Abstract : Models of crowd behavior facilitate analysis and prediction of the behavior of large groups of people, who are affected by each other's presence and actions. For instance, in defense and security applications, generative models of crowd behaviors are used for decision-support, simulation, and training. Most existing approaches for modeling crowd behavior have focused on algorithmic and mathematical approaches, which generate simulations which are qualitatively or visually appealing, but have not been tied to social psychology, nor to cognitive architectures. In previous work, we proposed a novel model of crowd behavior, based on Social Comparison Theory SCT, a popular social psychology theory. The SCT model relies on simulated entities (agents) to compare themselves to others, but the timing of these comparisons is not well understood: People clearly do not imitate others all the time, yet there is evidence that shows that people (and therefore, the agents), do some comparison at all times (but do not at on these comparisons).
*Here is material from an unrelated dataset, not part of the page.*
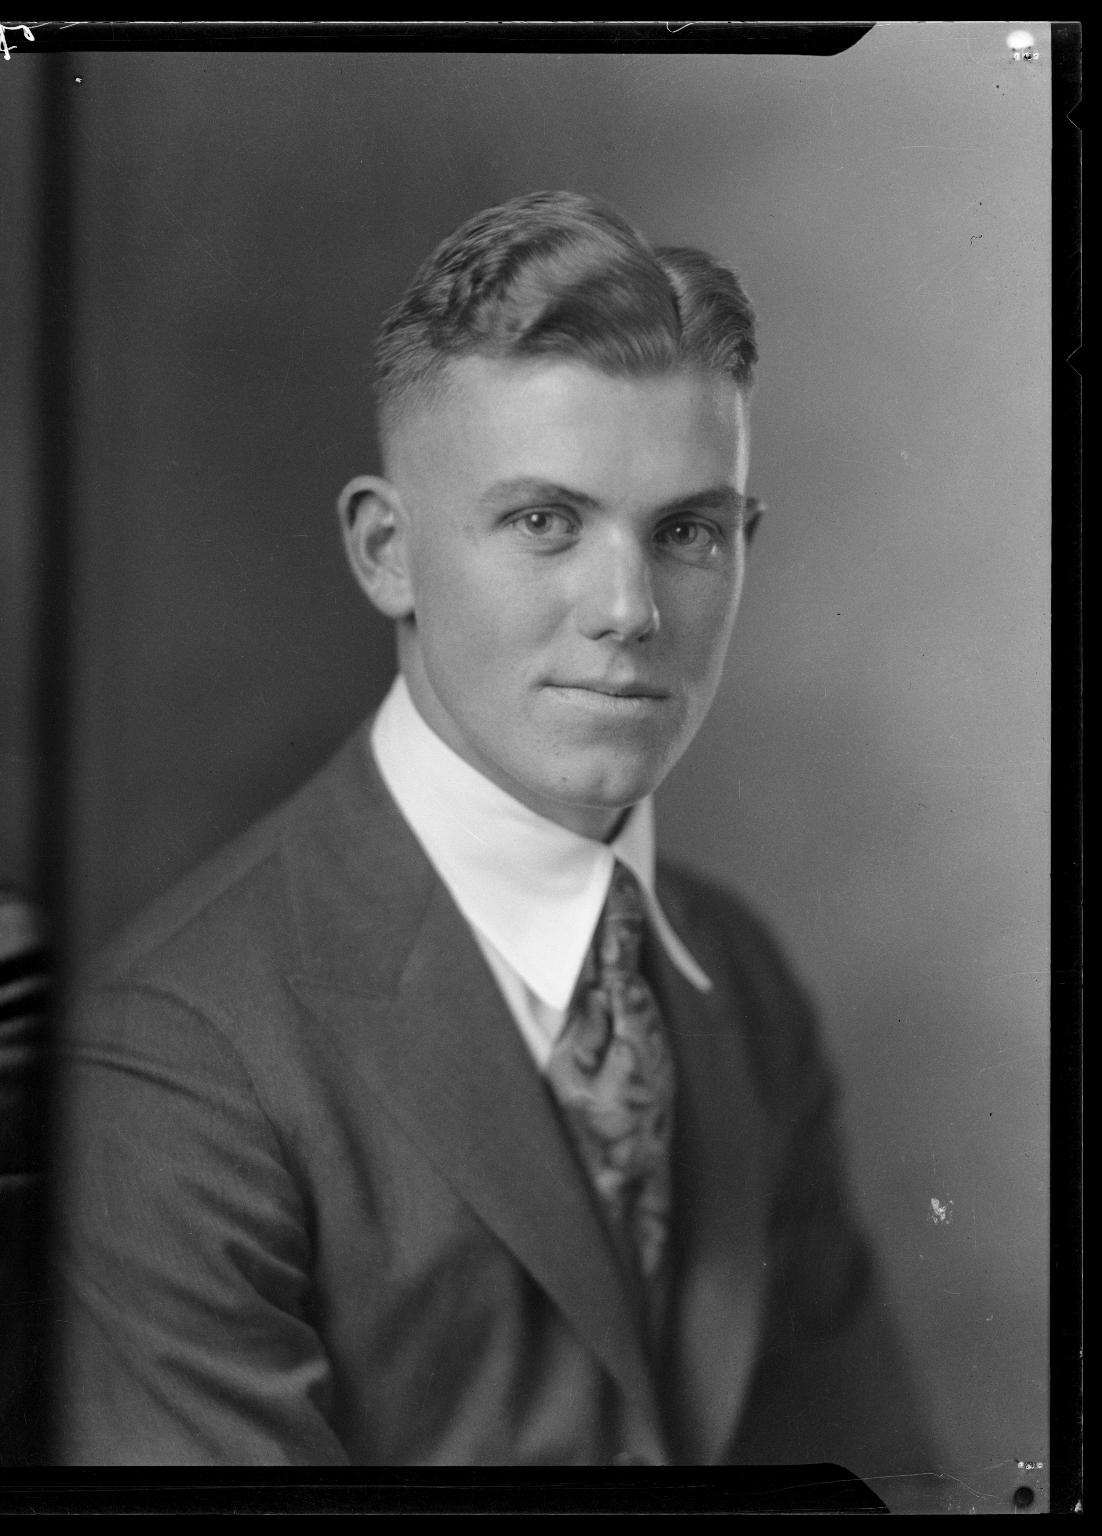 Portraits of Warren Thompson

While some progress has been made to address this question, it remains open. In this report, we present an extension of the SCT model to address this open question. We argue that comparisons take place all the time (i.e., differences are perceived and processed), but the cognitive architecture limits actions taken to minimize differences to cases where the comparisons yield significant differences. We use both toy domain experiments as well as movies of human pedestrians to argue for our position. Two corollaries of our work are (i) implications for the role of agent modeling and plan recognition in cognitive architectural mechanisms, and (ii) initial steps in accounting for group size in social comparison.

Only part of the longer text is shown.